Over honderdduizend jaar
Hunkerbunker was de bijnaam van de zusterflat. Waarschijnlijk omdat het begon als een flat met alleen vrouwelijke (hunkerende?) studenten. Vermeulen kwam in de gemengde tijd, toen ook de (mannelijke) co- en arts-assistenten en de laboranten er woonden. “Ik heb er mijn man leren kennen.” De flat telde 138 kamers en huisvestte naast de verpleegkundigen in opleiding onder andere ook de afdeling techniek en boekhouding. Het gebouw staat sinds 2004 leeg; eind maart dit jaar ging de sloop van start. Een blik op de puinhopen slaat bij Vermeulen niet om in weemoed. “Het is logisch, dat gebouw was zo verouderd.” Af en toe mijmert ze: wat zouden archeologen over honderdduizend jaar er vinden in de grond?
Stappen
“Niks voor mij, hoor,” reageert Katja Botman (25) op de verhalen van haar oudere ziekenhuiscollega. Botman woont samen met twee medestudenten in een ‘gewoon huis’, wel speciaal bestemd voor leerlingen van het Sint Lucas Andreas Ziekenhuis. Lachend: “Twee huisgenoten is voor mij wel genoeg.” Alleen is maar alleen, vindt Vermeulen. “Het was heel gezellig, hoor, in onze flat. Je had wel een eigen kamer maar ook een gezamenlijke huiskamer en keuken. Er was altijd iemand om mee te praten.” De woonsituatie mag in een generatie veranderd zijn, de avonden worden hetzelfde ingevuld: stappen. Ook als je de volgende dag vroeg op moet. Vermeulen: “Als je jong bent, kun je dat nog.” In de jaren tachtig waren de populaire plekken Tijl Uilenspiegel, Richter en Odeon. Botman gaat naar de Ark of naar Studio 80. Vermeulen zucht. “Er is veel veranderd in twintig jaar!”
Niet zo ambitieus
Maar er is nog een overeenkomst: beiden komen van buiten de stad. Botman komt uit Middelburg; Vermeulen uit ’t Gooi, waar ze nog steeds woont. Vermeulen: “Die reistijd heb ik er graag voor over. In dit ziekenhuis hebben we een prettige mix aan patiënten. Er heerst ook weinig hiërarchie. En die Amsterdammers, hè.” Botman knikt: “De mensen zijn hier heel gebekt.” Later, heel veel later wil de leerling-verpleegkundige een particulier verzorgingshuis beginnen. Aan zee, bij Domburg bijvoorbeeld. Vermeulen: “Ik was toentertijd niet zo ambitieus.

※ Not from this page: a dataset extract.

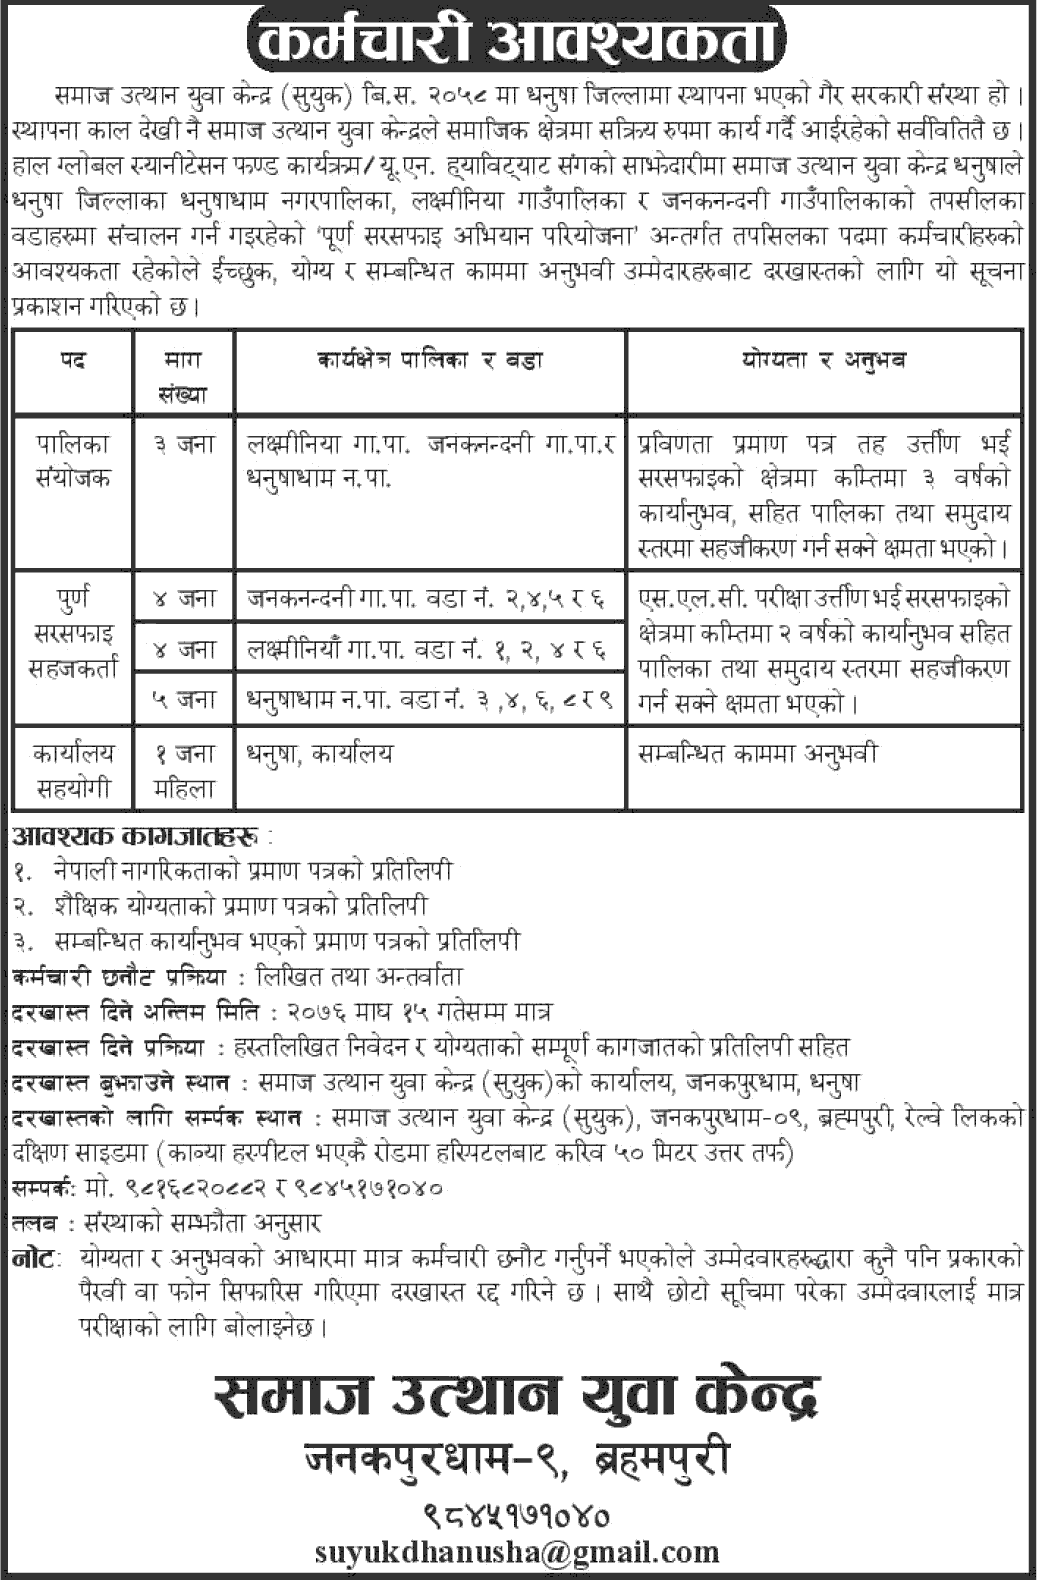 Samaj Utthan Kendra Vacancy for Various Position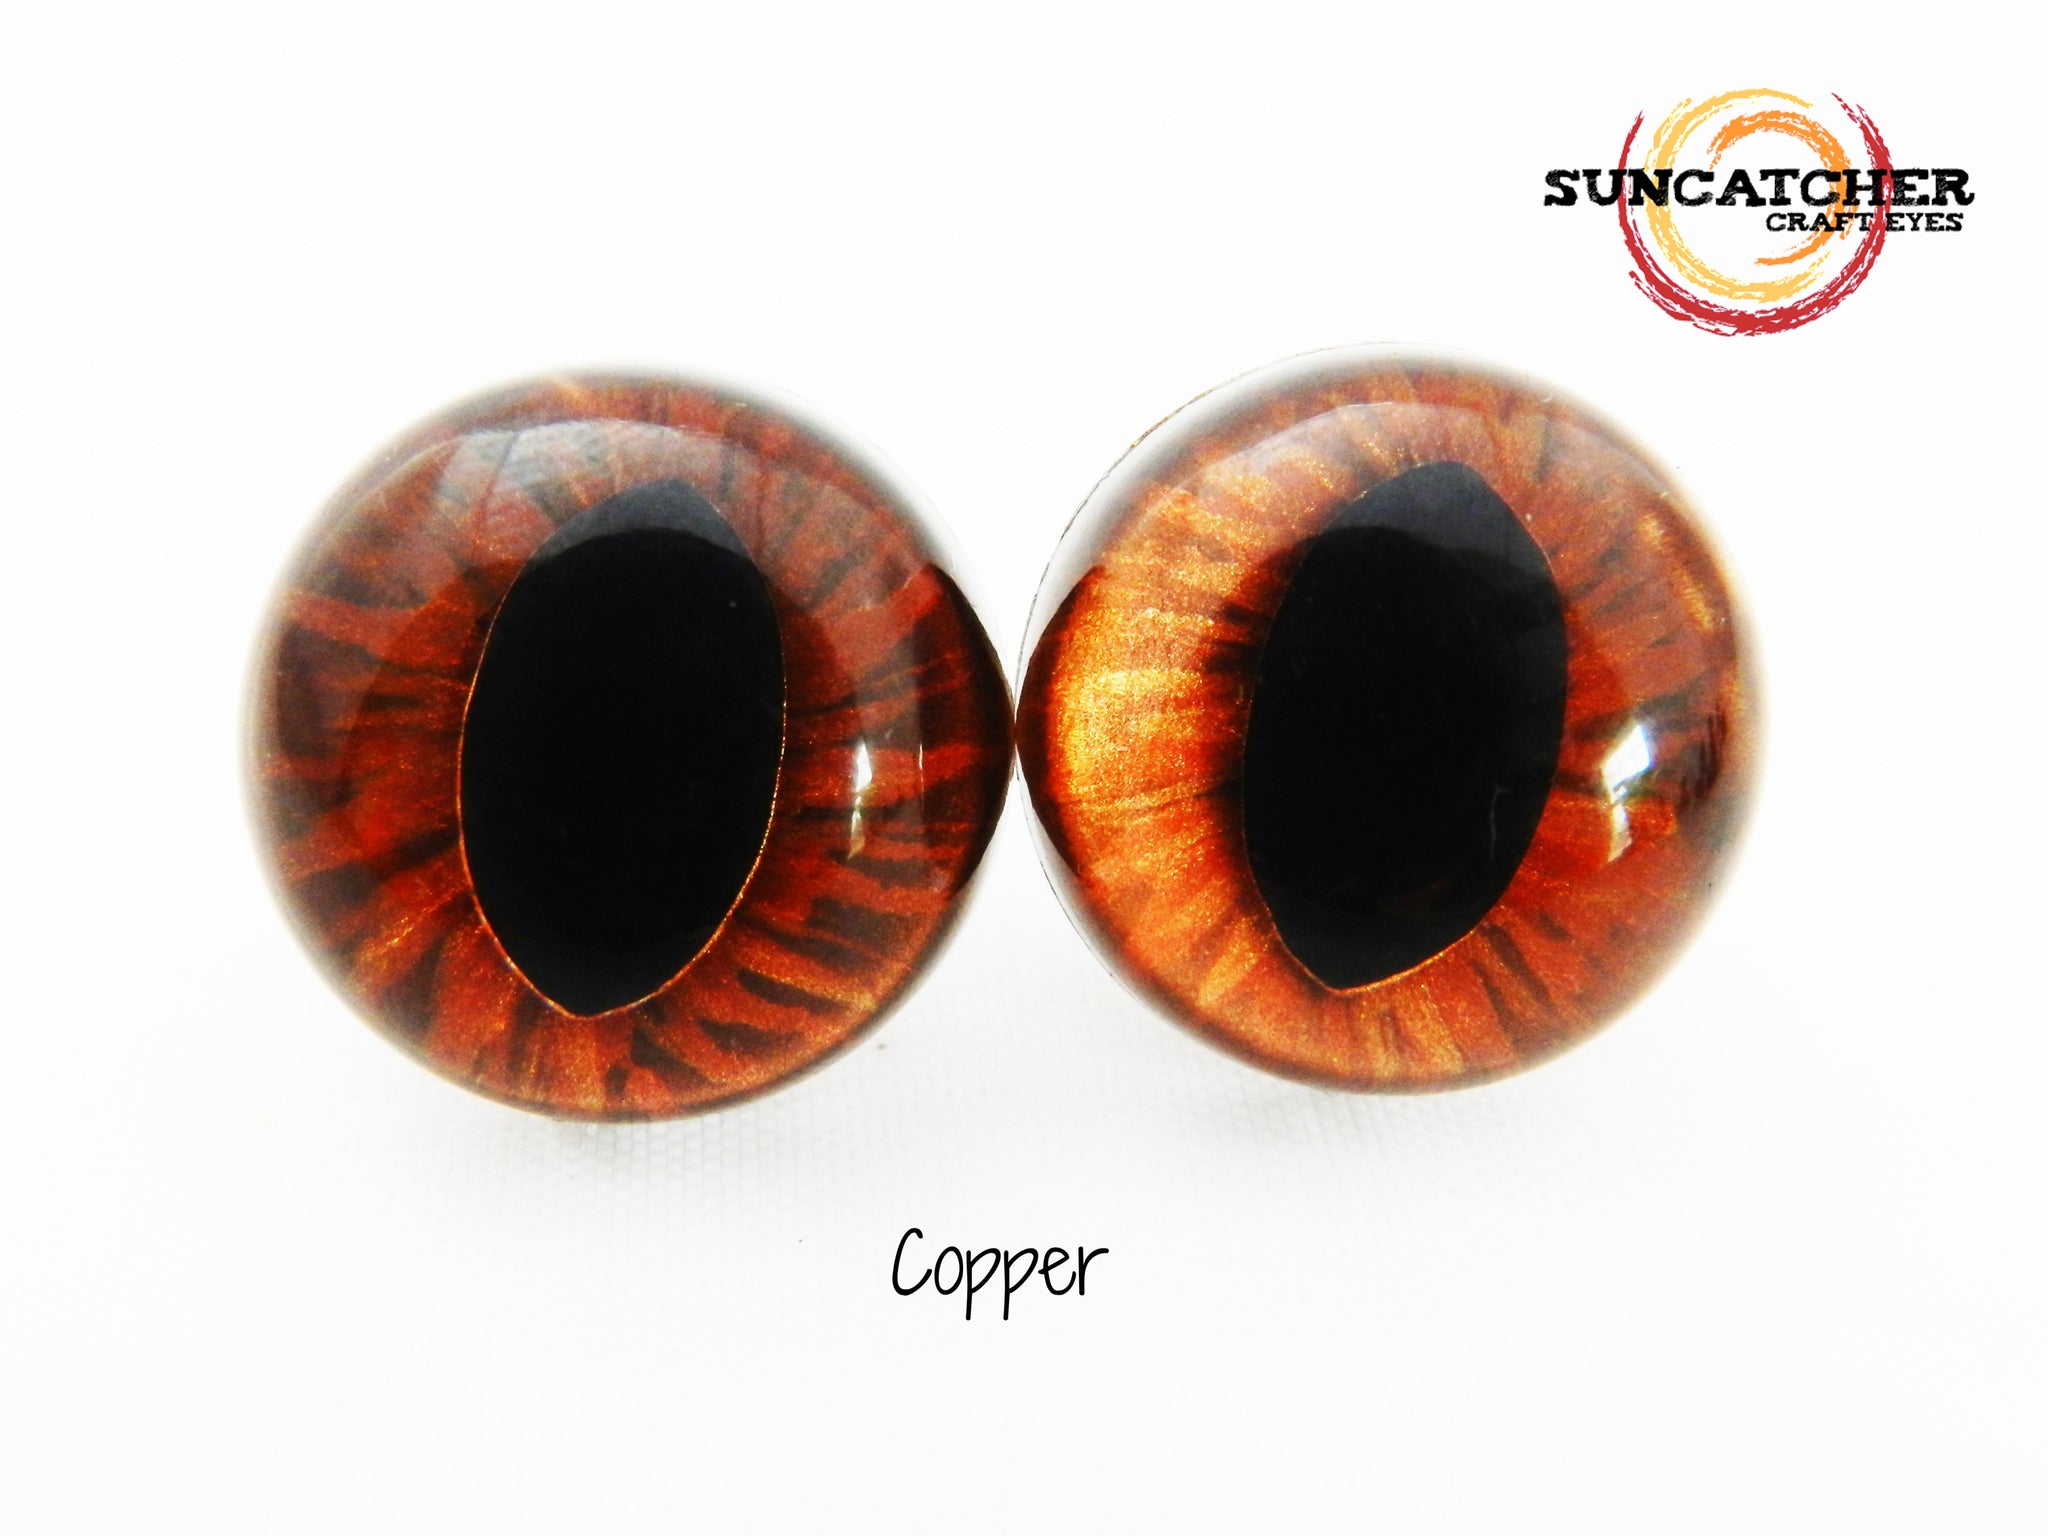 Buy Glass Eyes, Brown Eyes, Fox Eyes, Cat Eyes, Dragon Eyes, Creature Eyes,  Eyes for Sculptures, Crafts, Etc. One Pair Choose Size From Menu. Online in  India

Eigenlijk heel traditioneel. Ik wilde een huis, een gezin, kinderen, een hond en openslaande deuren naar de tuin.” Ze glimlacht tevreden. Ze heeft het allemaal bereikt.
Op eigen benen
Het was een ontdekkende tijd, zegt Vermeulen. Ook een moeilijke tijd voor het 18-jarige meisje dat van de thee en koekjes thuis naar de grote stad kwam en in haar opleiding geconfronteerd werd met nare dingen en grote verantwoordelijkheden. Fijn was het dan ook dat er altijd mensen in de zusterflat waren om mee te praten. Maar toch ook begrijpelijk dat de flat er niet meer is. “Het is niet van deze tijd. Ik zie studenten nu echt niet meer op een tweepitsstel hun potje koken. Laat staan ergens wonen zonder internetverbinding en op een kamer van twaalf vierkante meters.” Twee jaar woonde ze er. “Dat was genoeg. Als ouderejaars wil je wat minder feesten. Je ontgroeit het. Je kamer met wastafel, kast en bed wordt wel erg klein, de roddels erg groot. Dan is het tijd om op eigen benen te gaan staan.” Ja, ze kan nu koken. Geleerd na de studietijd, toen ze niet meer kon teren op de kookkunsten van haar kamergenoten. Jongere collega Botman is gerustgesteld. Dat komt straks allemaal goed.